The BoE decision follows the U.S. Federal Reserve's announcement on Wednesday that it remained on track for three interest rate cuts this year, prompting stock market rallies.

The European Central Bank has tried to cool talk about a run of rate cuts for the euro zone.

Earlier on Thursday, the Swiss National Bank cut its main interest rate, becoming the first major central bank to relax monetary policy after the surge in inflation globally.

In Britain on Wednesday, data showed consumer price growth fell to its lowest in almost two-and-a-half years.

But the BoE said indicators of the persistence of inflation remained elevated. It also said Britain's labour market was still relatively tight although it acknowledged signs that high borrowing costs were weighing on the economy.

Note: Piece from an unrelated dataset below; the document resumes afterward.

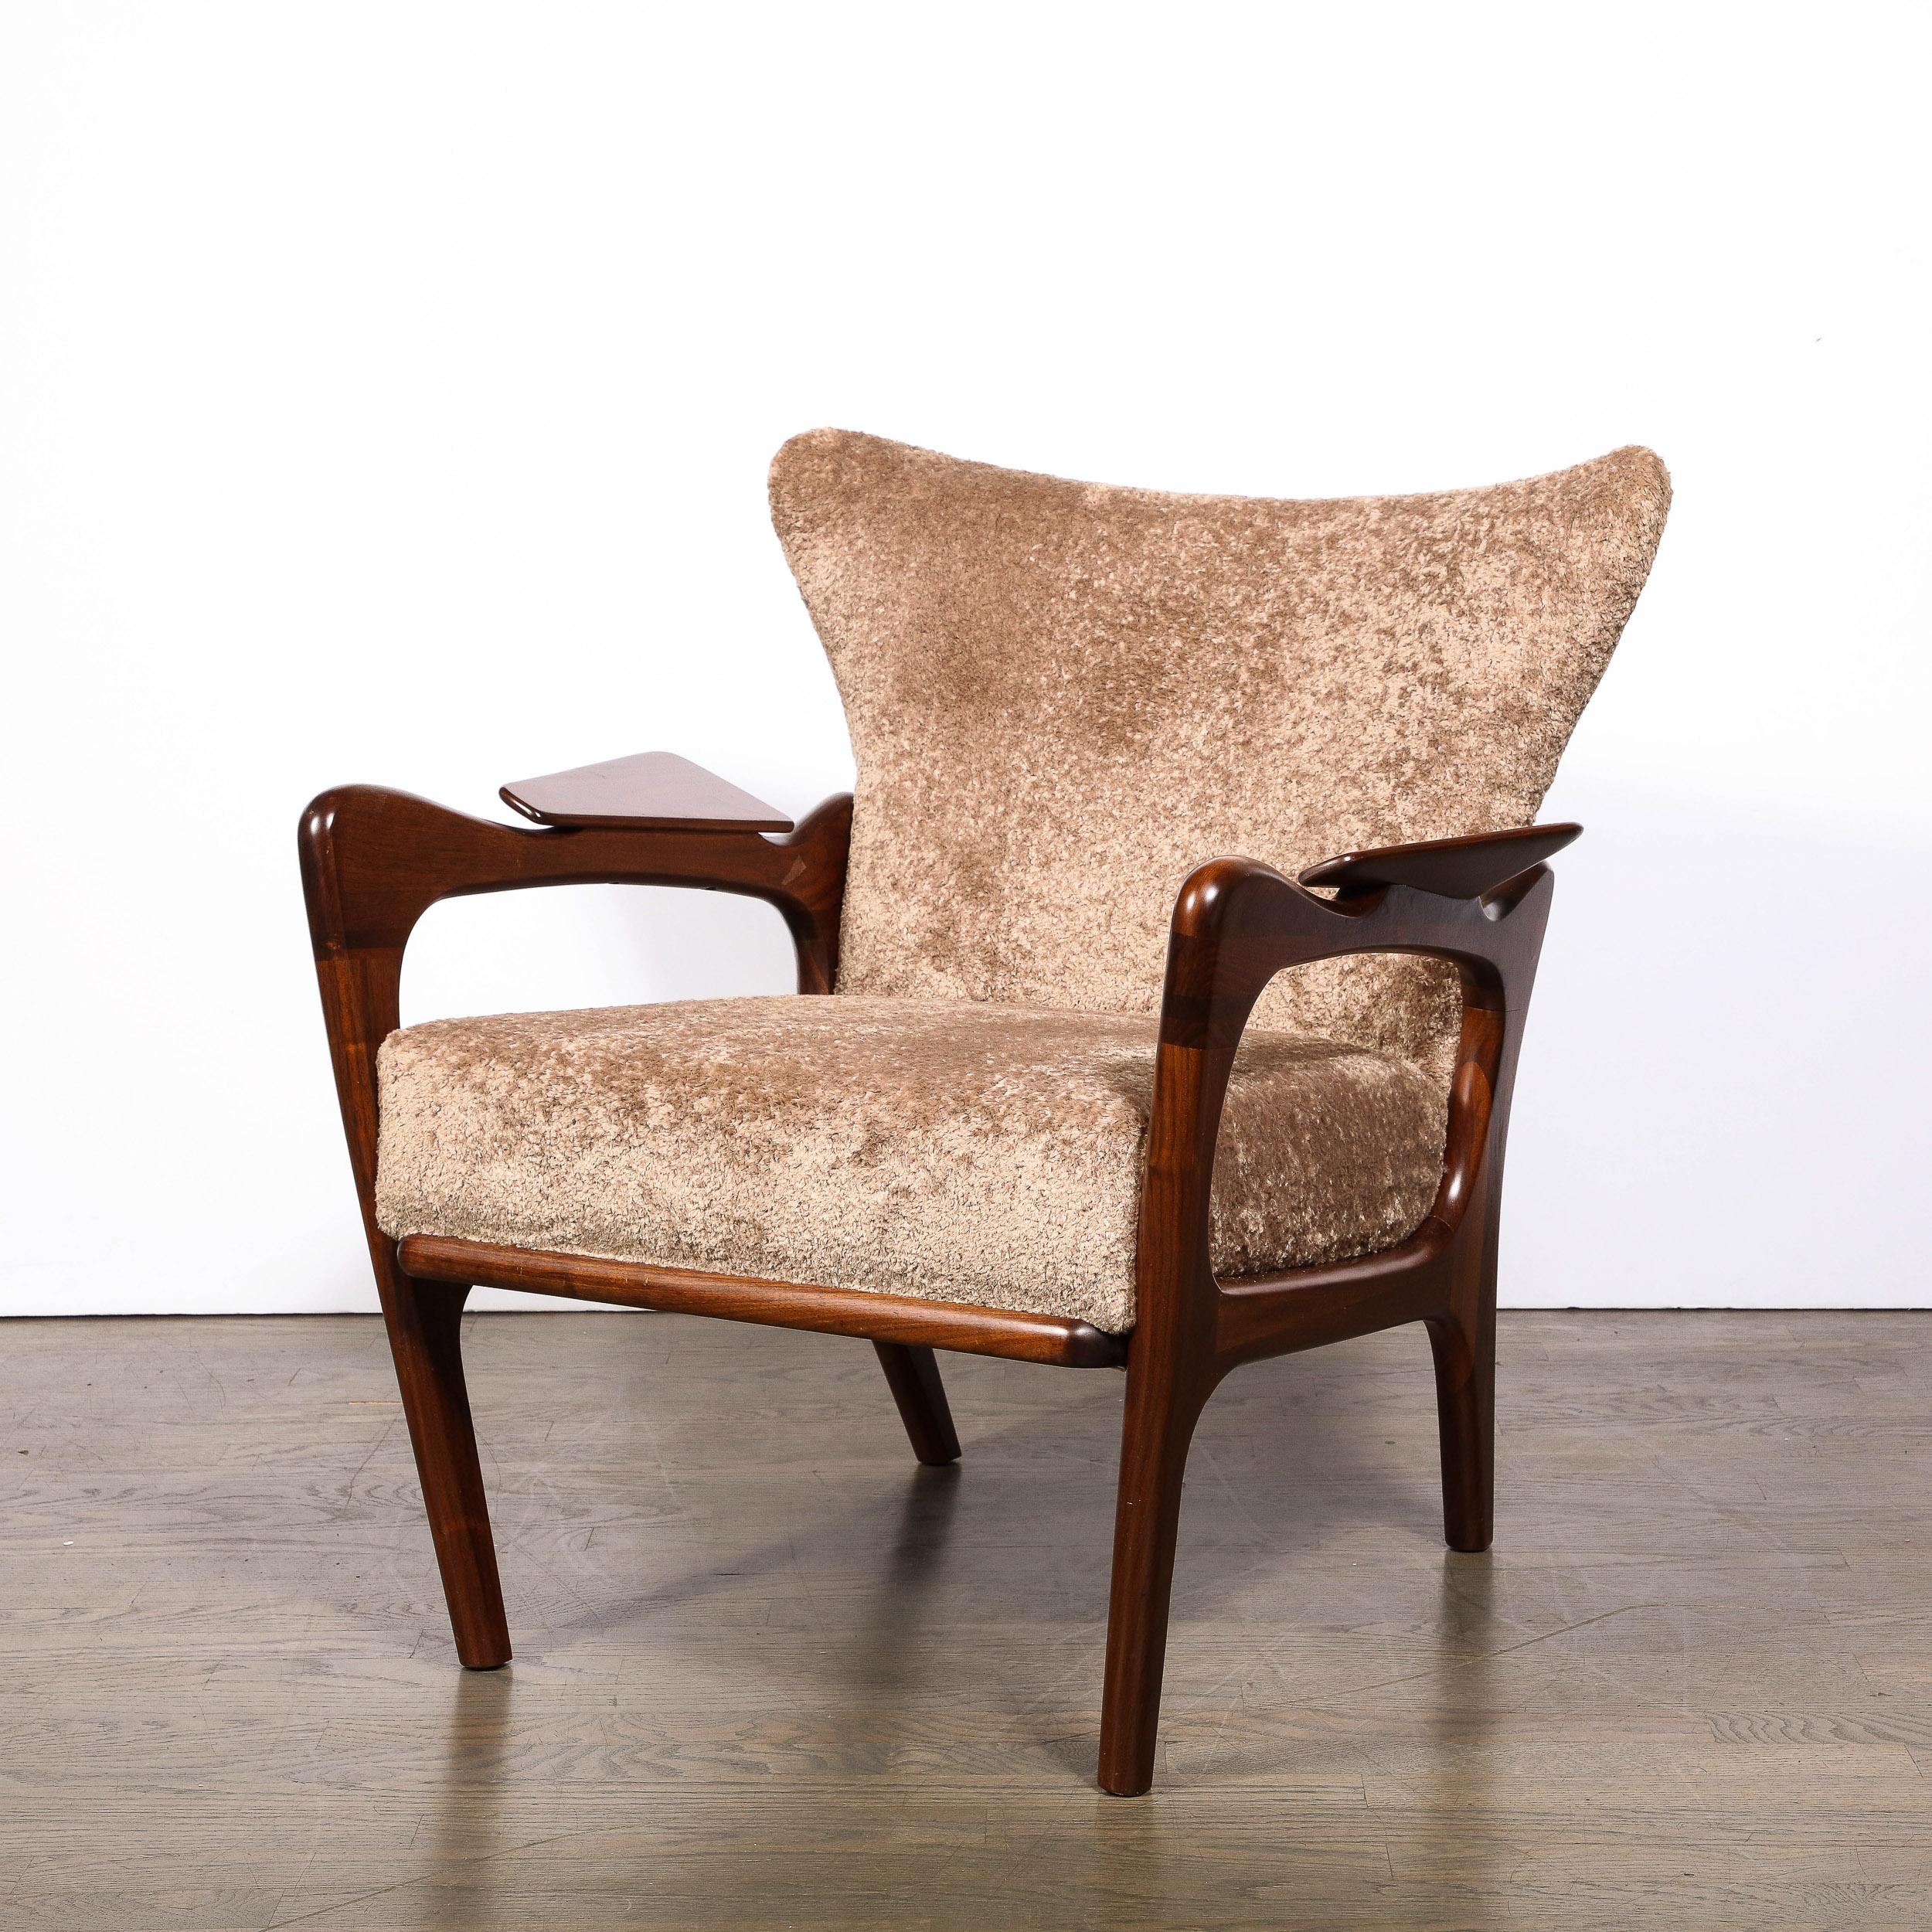 Dieser ikonische Mid-Century Modern 2291-C Lounge Chair wurde von dem legendären Designer Adrian Pearsall um 1960 in den USA entworfen. Er zeichnet sich durch subtil kantige Vorderbeine und dramatisch gewölbte Hinterbeine aus; eine skulpturale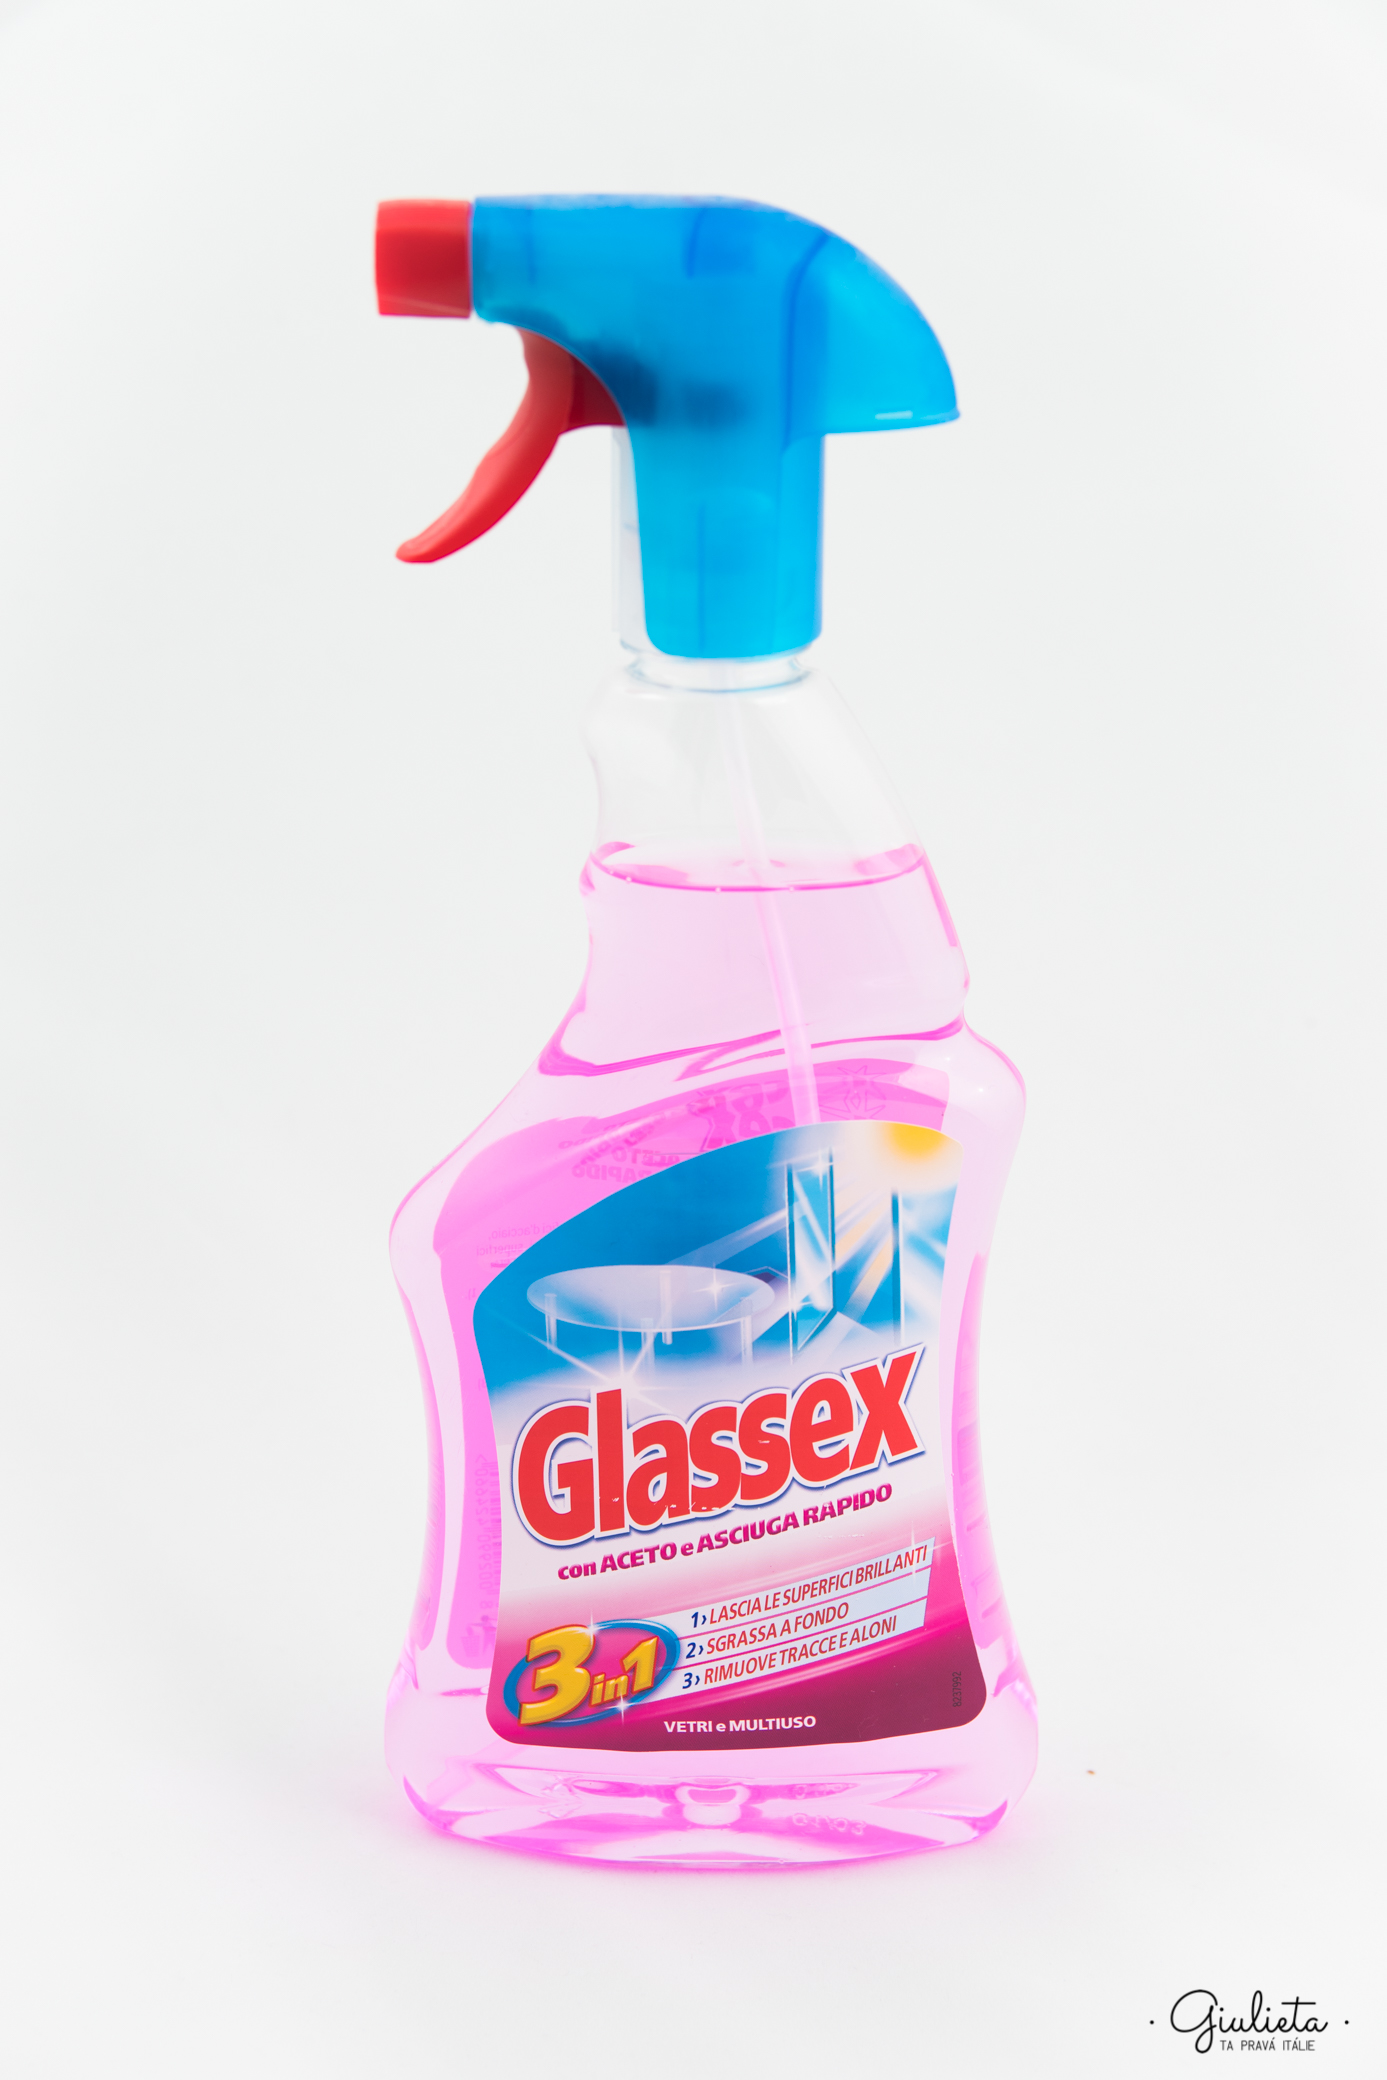 Glassex čisticí prostředek con Aceto e Asciuga Rapido s rozprašovačem, 500 ml

"The Bank of England will need to see a lot more moderation in wages and services prices before it starts cutting rates," Marion Amiot, senior European economist at S&P Global Ratings, said, adding the firm expected a first cut only in August.

INFLATION UNDER 2% SOON

The BoE said inflation - whose surge led to a historic living standards squeeze and remained the highest in the Group of Seven in February - would drop below its 2% target in the second quarter due to the impact of finance minister Jeremy Hunt's decision this month to freeze fuel duty once again.

Overall, the measures in Hunt's March 6 budget statement were likely to increase economic output by about 0.25% over the coming years but would push up inflation by less, it said.

The BoE has forecast that inflation will creep up again later this year and most analysts and investors have predicted the BoE will cut rates in the third quarter, probably in August.

The central bank wants to see wage growth slowing further before making its move.

Britain's minimum wage will rise by nearly 10% next month, and retailers that often pay staff only slightly more have raised salaries ahead of that increase.

Employers overall have offered pay settlements of about 5% since the start of 2024. Average wage growth is about 6%, higher than about 4% in the United States and the euro zone.

© Reuters. A man walks past the Bank of England in the City of London, Britain June 28, 2016. REUTERS/Paul Hackett/File Photo

As well as employers, mortgage-holders and consumers, the ruling Conservative Party is also keen to see rates come down as it struggles to rein in the opposition Labour Party's strong lead in opinion polls with an election expected later this year.

Jeremy Hunt took the unusual step of commenting on what Wednesday's inflation data might mean for the BoE, saying: "As inflation gets closer to its target that opens the door for the Bank of England to consider bringing down interest rates."